According to your code below, every wires in every layers has a gate. But in the picture below at ParametrizedLayer_0, I see that RZ gates applied only on wire of 0 and 1. Is there a confliction between code and the picture?
Is it possible to use QNG algorithm as a supervised learning algorithm?
I mean, I have a dataset with 90K rows and each row has five columns as features and the sixth column is the target value. So in your opinion, how to modify the bellow “for loop” in the QNG example?
opt = qml.QNGOptimizer(0.01)
theta = init_params
for _ in range(steps):
theta = opt.step(circuit, theta)
Note that the quantum natural gradient is an optimization strategy, and not part of the model per se. You can use any optimization strategy for a supervised learning algorithm, it’s simply a matter of constructing the cost function appropriately.
For an example of a quantum supervised learning example, check out our quantum transfer learning tutorial. Here, we use the nn.CrossEntropyLoss cost function from PyTorch for training our model.
Something to be aware of, however, is that the QNG optimizer currently requires that the cost function be a linear combination of QNodes with the same ansatz. It’s possible to extend this to more complicated cost functions, and something we are currently working on!
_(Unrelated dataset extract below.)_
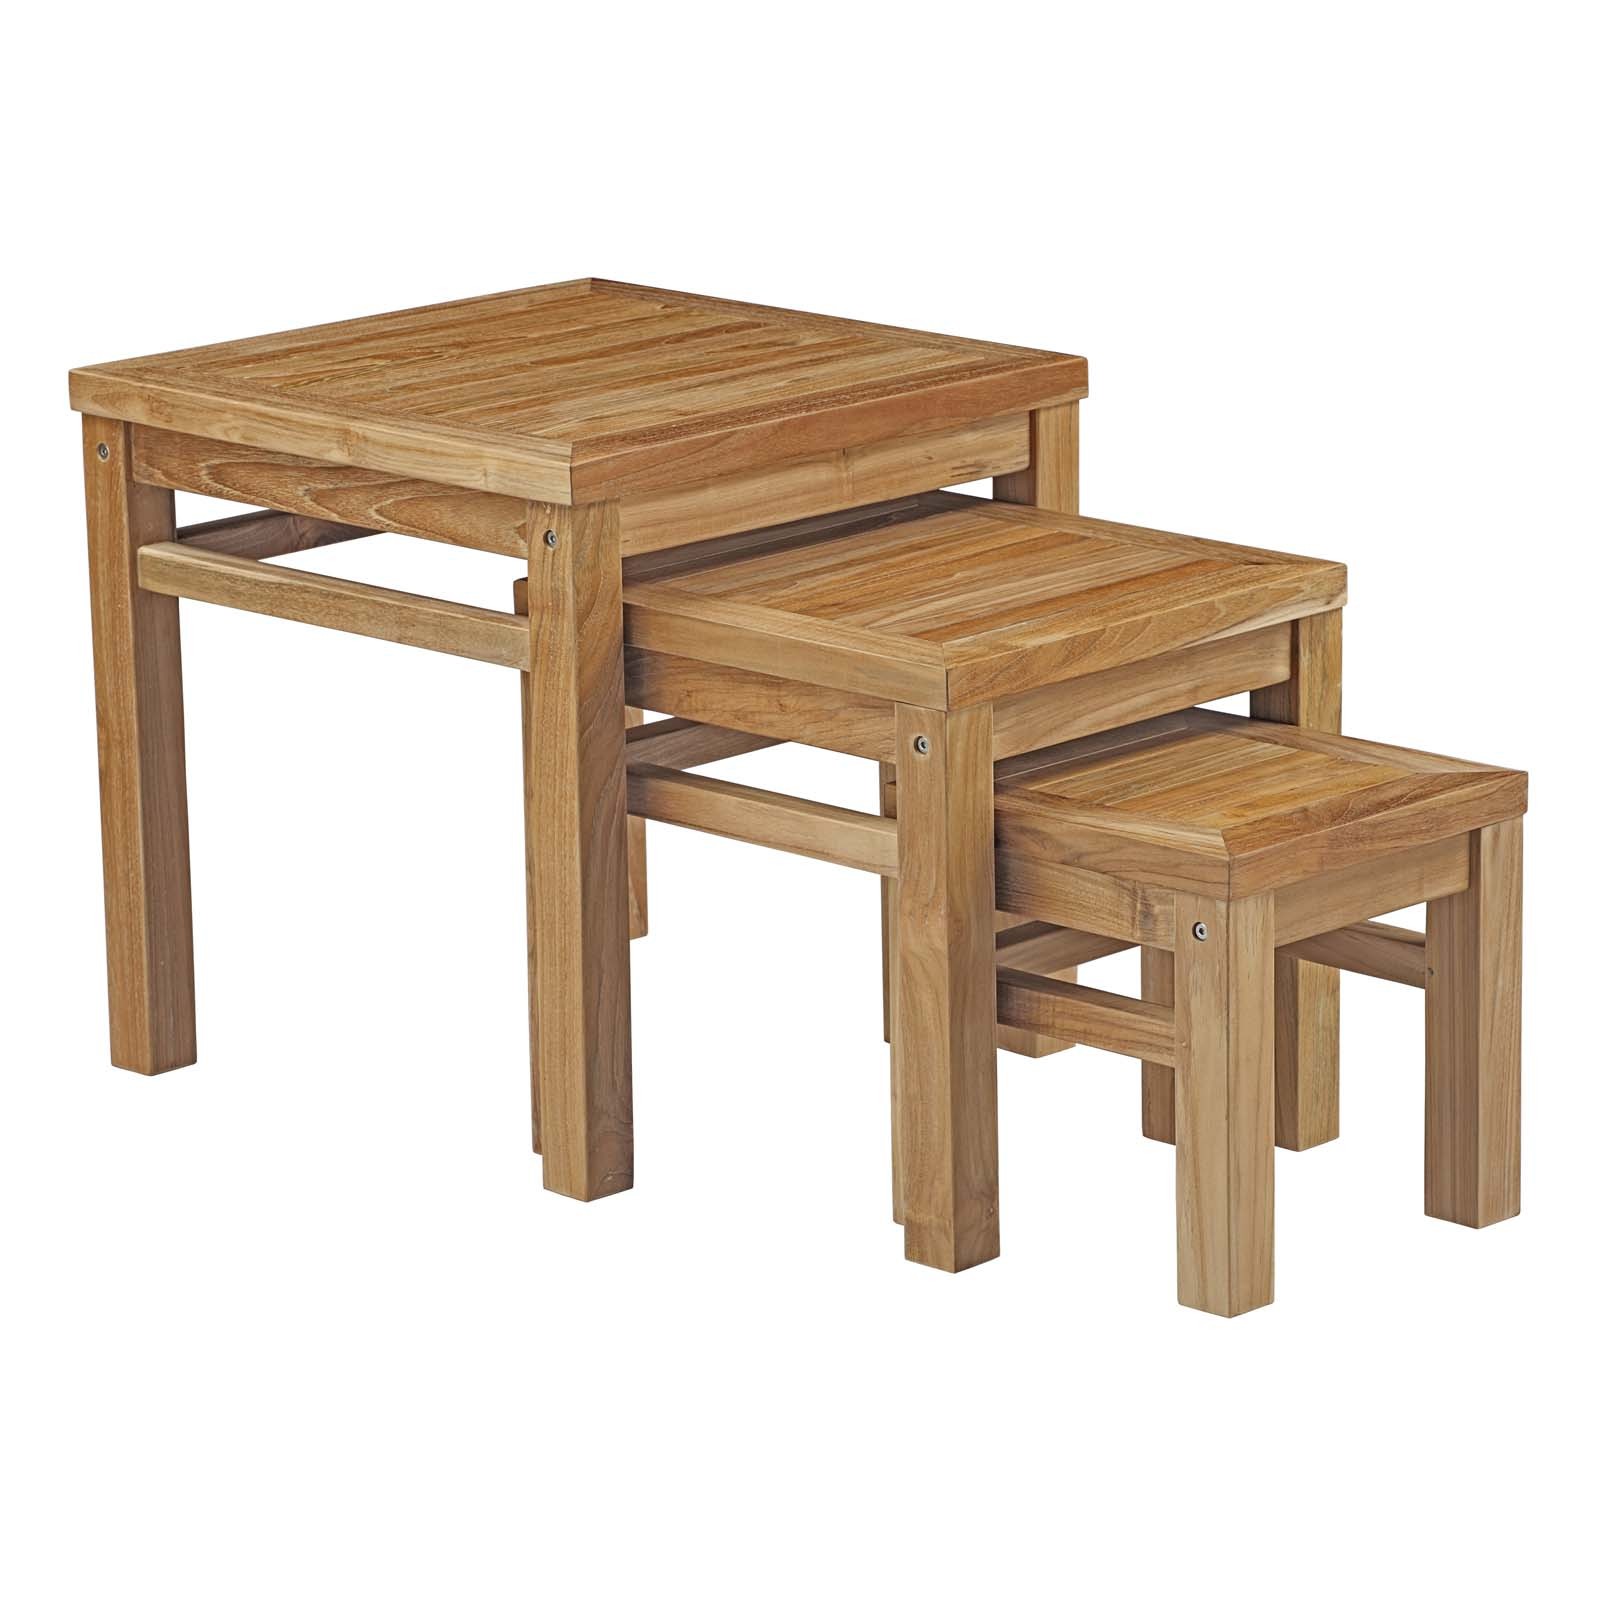 Marina Outdoor Patio Teak Nesting Table in Natural

In general, the coefficients of the Hamiltonian in the model are problem specific. For example, in VQE, you have a specific molecule or electronic structure that you wish to compute the ground state energy; this corresponds to a specific Hamiltonian with hardcoded coefficients.
You can check also check out our quantum chemistry demo for more details on solving electronic structure problems using PennyLane!
Having said that, there may be some problems/models where the exact Hamiltonian doesn’t matter too much, and the coefficients can be chosen randomly In such a case, any real value is allowed for the coefficients!